A Rotary Youth Exchange trip in Mexico.

A Rotary Youth Exchange trip in Mexico.

I remember in our district orientation, I had been in Mexico for just about a month by then. I was in a meeting with all the exchange students in my district, along with the chairmen of each state.

We were asked what we thought the purpose was of sending students on exchange, and what value Rotary saw in it. Many of us gave similar answers; learning a language, traveling, etc. However there was one reason we didn’t consider: world peace.

It was explained to us the promotion of world peace has always been a top priority for Rotary, and that sending students to other countries in the world will make them more understanding and accepting of each other and of other nationalities and beliefs. Having more young people being tolerant of each other’s differences will create a more peaceful world going forward.

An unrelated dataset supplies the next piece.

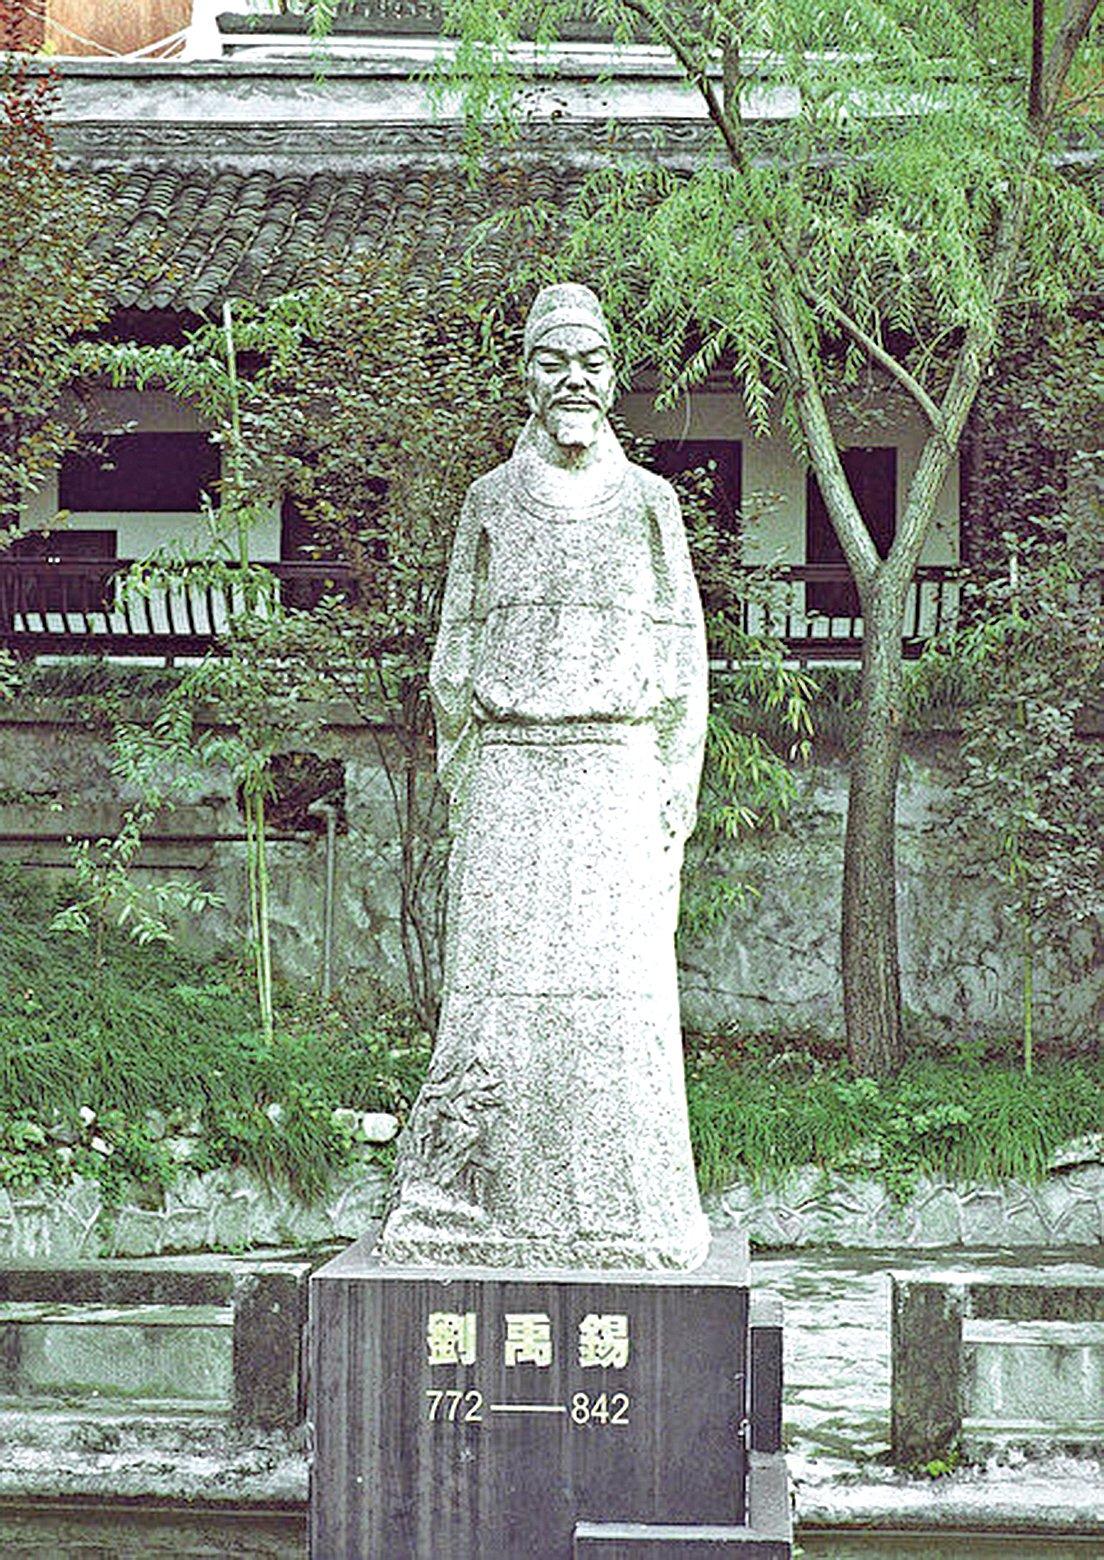 劉禹錫像(Gisling/Wikimedia Commons)

The experience I gained in Mexico is something I will use the rest of my life. Coming back home last summer, there was certainly a lot I realized about my home country after being away for so long.

I developed a new appreciation for things like the education I received in Canada and the opportunities I’ve been provided with. Living in another country also gives you a different perspective in how you can make your community a better place and contribute to it.

Emerging Issues in Human Rights

The Emerging Issues in Human Rights Course helped me build on both my experience and knowledge I had gained through exchange. This course was a two-week summer course at the University of Winnipeg in partnership with the Canadian Museum for Human RightsGlobal College and Rotary.

I was blown away by the course material and how interactive it was. We were involved in many different kinds of lectures and class discussions on human rights. Not only did we cover interesting material within our normal lectures, but we also visited many unique places relevant to our course material.

Ethnic foods can be enjoyed everywhere during Folklorma.

Folklorama’s Ethiopian Pavilion made for a vibrant, delicious visit. /DOUG KRETCHMER

The course kicked off with a trip to Folklarama on the first day where we visited both the Irish and Ethiopian pavilions. The Canadian Museum for Human Rights hosted us for three days of classes and also gave us a tour of the exhibits. We visited Winnipeg Harvest where we toured the entire facility and learned about fighting hunger in our community.

We were also lucky enough to have guest lecturers come in to speak to us. Dr. Art Mickie spoke about the history of racism in Canada and Japanese Canadians fighting for equal rights. Shahina Siddiqui discussed Islamophobia in our society today, along with the role of the government in fighting it. David Newman Q.C., spoke to us about the opportunities available with Rotary and about choosing career paths.

Eduardo de Costa, a Rotary Peace Fellow who is originally from Brazil, spoke to us as well, and told us about opportunities and scholarships given to him through Rotary, including his time studying at Duke University.

Marilou McPhedran

Marilou McPhedran

Marilou McPhedran was our professor, and her background and accomplishments speak for themselves. Before becoming head of the Human Rights department at the University of Winnipeg, McPhedran worked as an international human rights lawyer for the United Nations. Her knowledge and experience inspired the class and she knew how to make people come together. Our class became extremely close which I think was a testament to our professor’s ability to bring people together.

The course was my first ever university course, and I’d be lying if I said I wasn’t a little intimidated going into the first day. That changed so quickly once the course got underway and looking back it was amazing how much I learned in such a short amount of time.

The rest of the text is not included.